La sécurisation patrimoniale passe donc par plusieurs axes : choix du canal d’exposition, sélection du prestataire, vérification du statut réglementaire, contrôle de la documentation, organisation des accès, anticipation fiscale, intégration dans la vision globale du patrimoine et préparation des scénarios de sortie.

C’est aussi un argument commercial légitime pour les CGP. Les banques, les plateformes et les fintechs vont utiliser MiCA pour rassurer les clients. Les CGP ne peuvent pas rester spectateurs. Ils doivent être capables d’expliquer que la réglementation ne suffit pas, mais qu’elle permet de mieux structurer le sujet.

Le discours doit être clair : MiCA ne transforme pas un actif risqué en actif prudent. En revanche, MiCA oblige à mieux choisir les intermédiaires, à vérifier les prestataires et à documenter les expositions. C’est exactement le terrain naturel du conseil patrimonial : organiser, hiérarchiser, sécuriser et rendre les choix compréhensibles.

La fin de la période transitoire peut donc devenir un point d’entrée utile dans la relation client. Elle permet d’ouvrir une discussion concrète : avez-vous des crypto-actifs ? Où sont-ils détenus ? Chez quel prestataire ? Avez-vous vérifié son statut ? Pouvez-vous transférer vos actifs ? Disposez-vous d’un historique fiscal ? Votre exposition est-elle cohérente avec votre patrimoine global ? Existe-t-il une forme d’exposition plus simple, plus documentable ou plus adaptée ?

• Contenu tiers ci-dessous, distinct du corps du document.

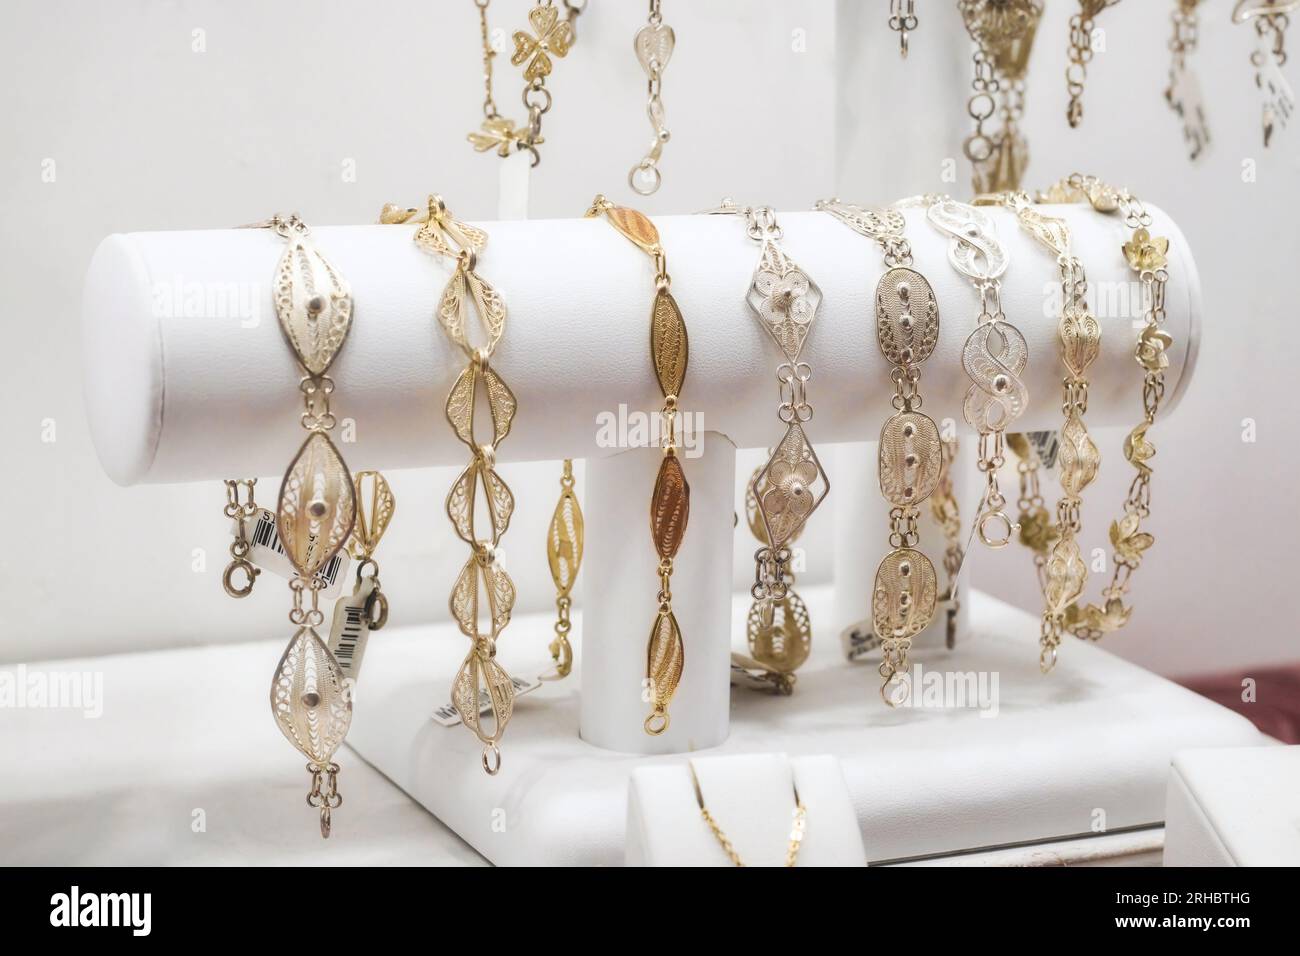 Une collection de bracelets pour femmes en filigrane d'or et d'argent exposée dans un magasin de bijouterie Banque D'Images

Cette approche est plus sérieuse que le débat abstrait sur la crypto. Elle parle de risques concrets. Elle parle de conservation, de preuve, de continuité, de fiscalité et de transmission.


CONCLUSION

À partir du 1er juillet 2026, une frontière plus nette va s’installer entre les prestataires autorisés et ceux qui ne pourront plus fournir leurs services dans l’Union européenne. Cette frontière aura des conséquences pratiques pour les clients. Les cabinets qui l’auront anticipée disposeront d’un avantage évident : ils pourront apporter de la clarté là où beaucoup de clients verront seulement une contrainte réglementaire supplémentaire. C’est sur ce terrain que les CGP ont une vraie carte à jouer. Pas dans l’improvisation. Dans la structuration.